* Required action: The answer must restate the listing word for word, without its images.
### Raw data
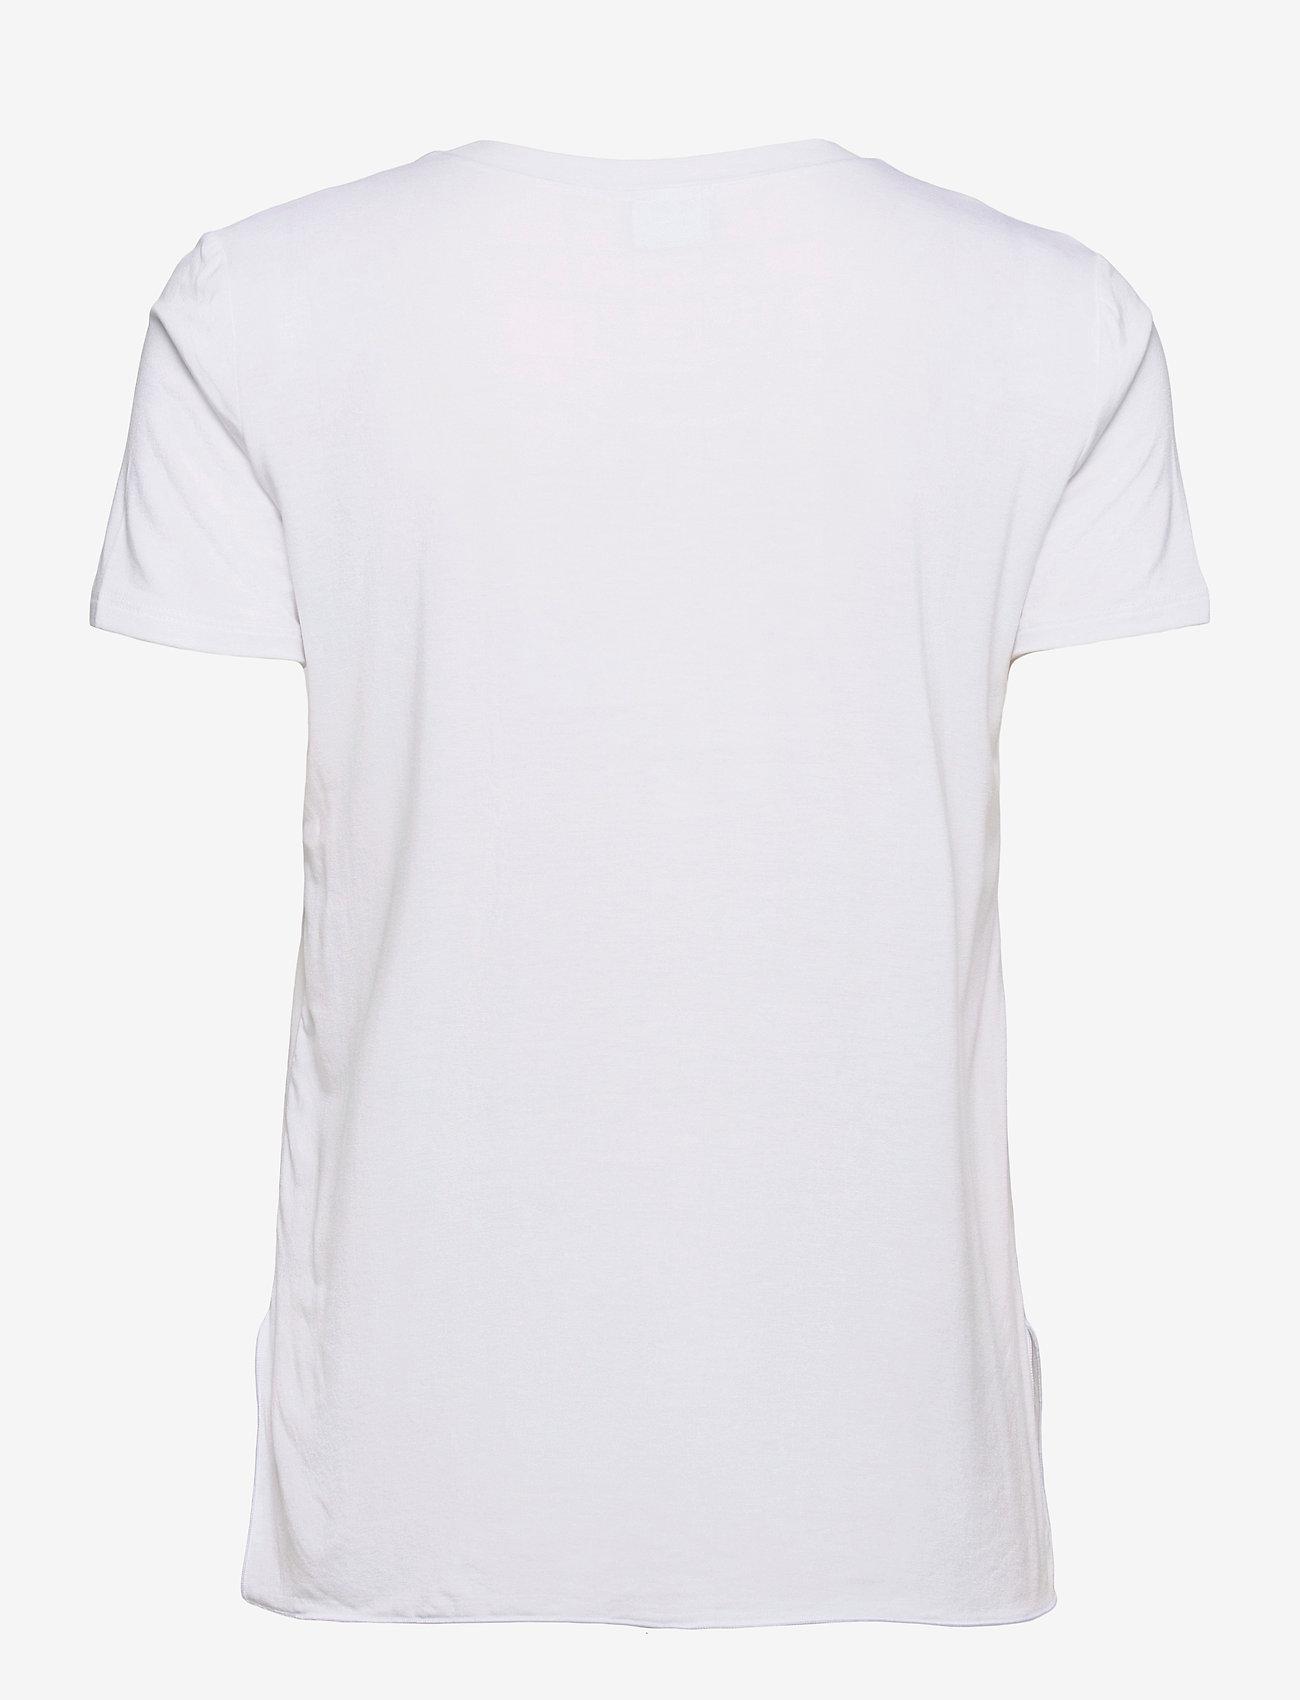 Max Mara Leisure - POSATO - t-shirts - optical white - 1
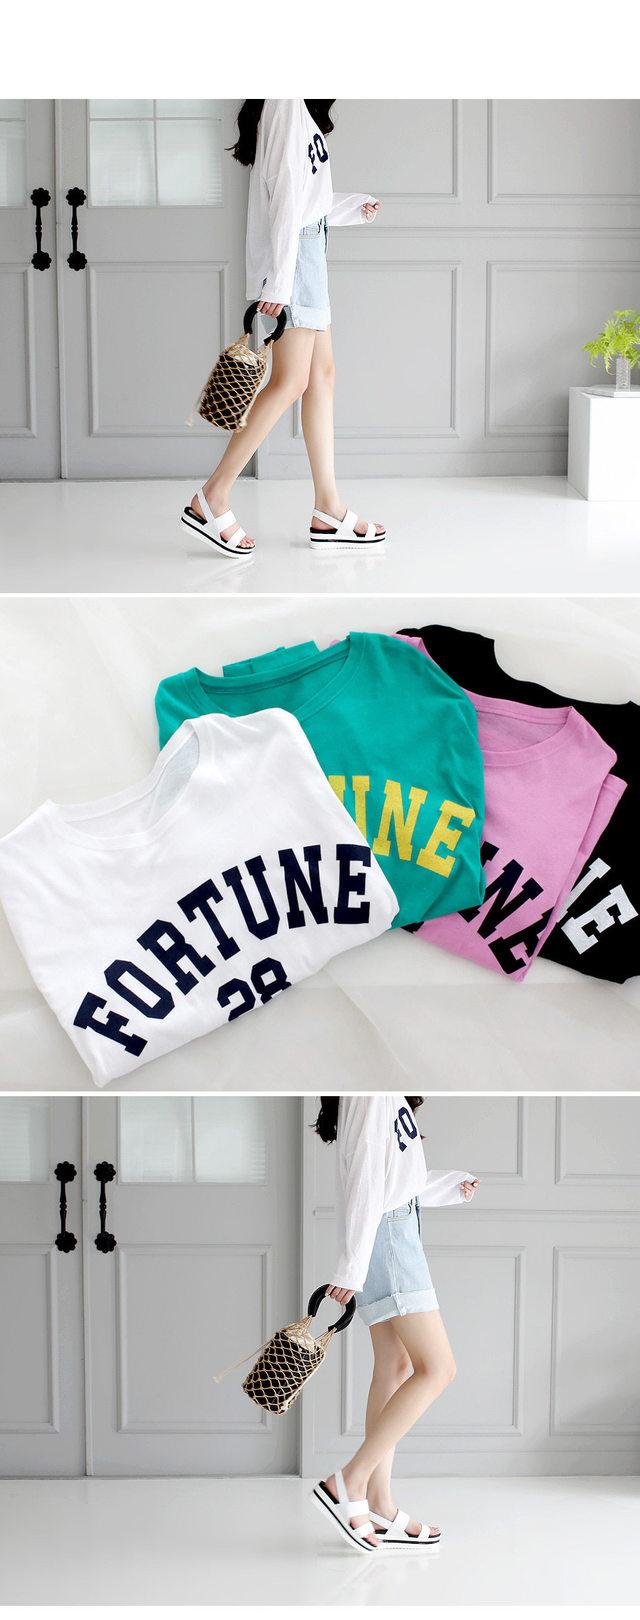 Potton t-shirt
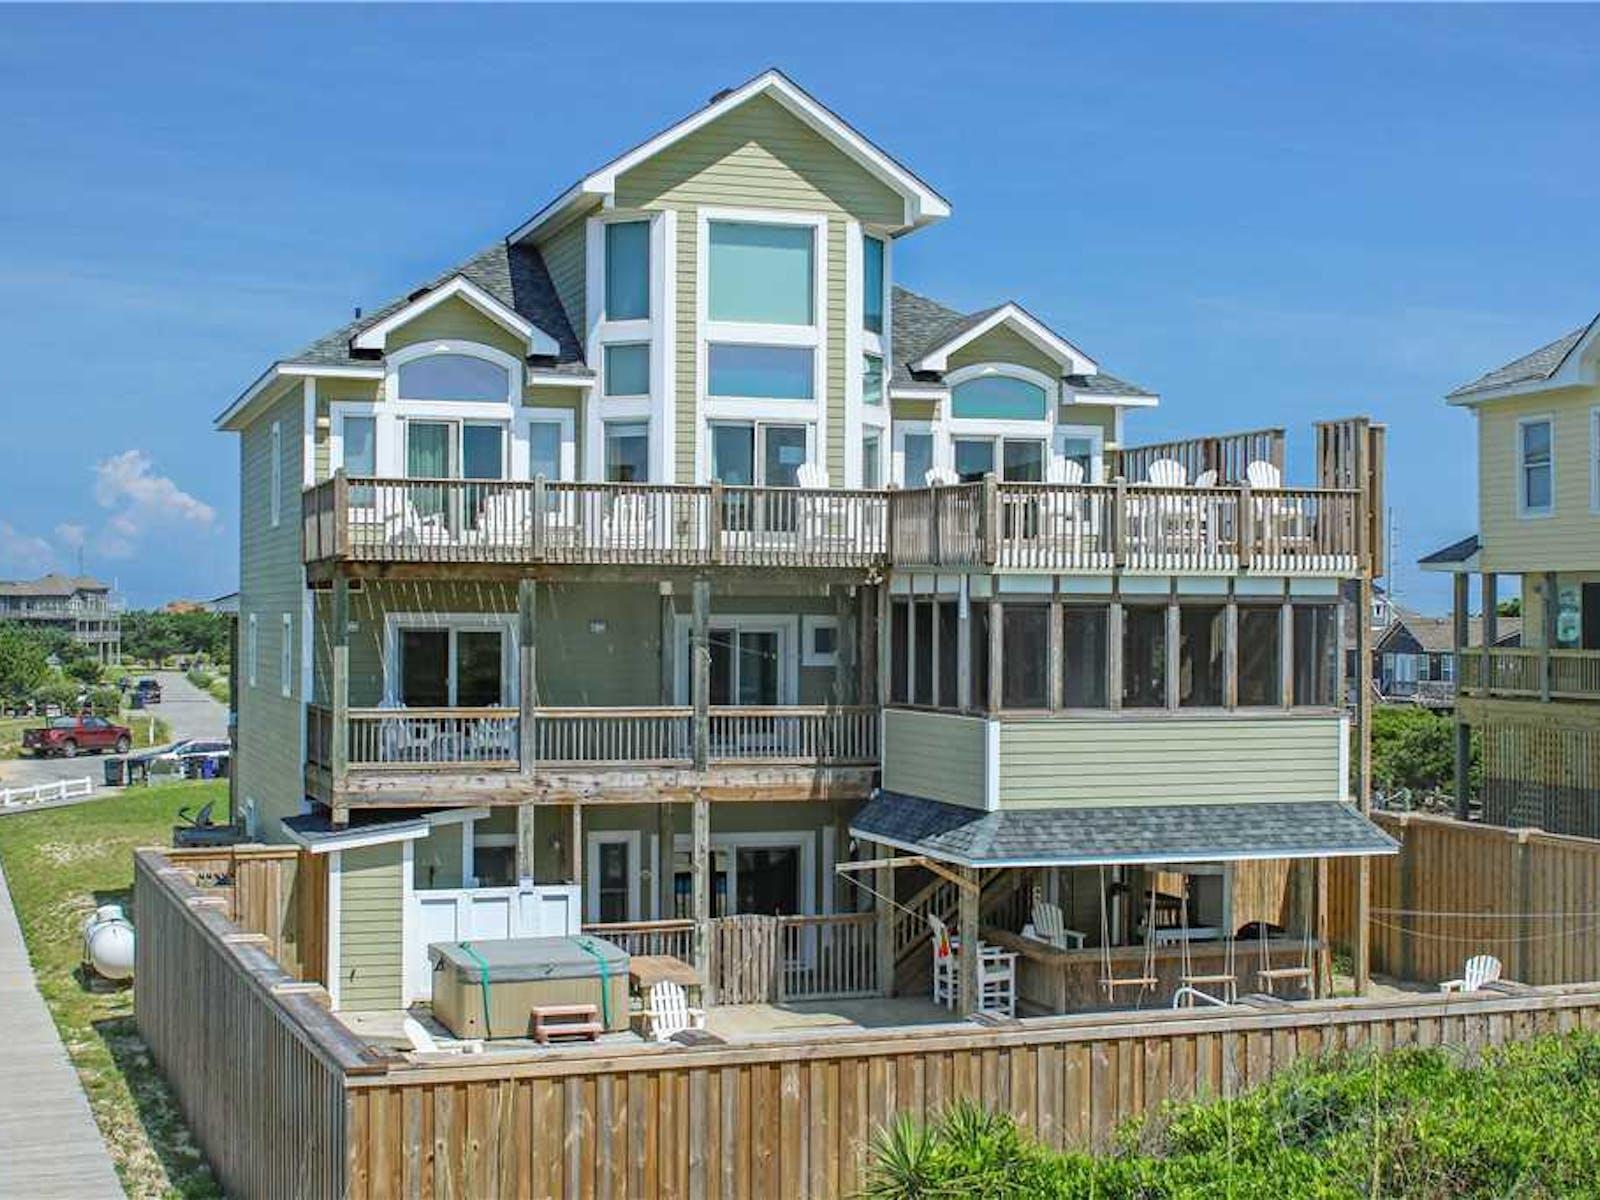 Beach house on Hatteras Island
######
* Response to this exercise:
 Max Mara Leisure - POSATO - t-shirts - optical white - 1
 Potton t-shirt
 Beach house on Hatteras Island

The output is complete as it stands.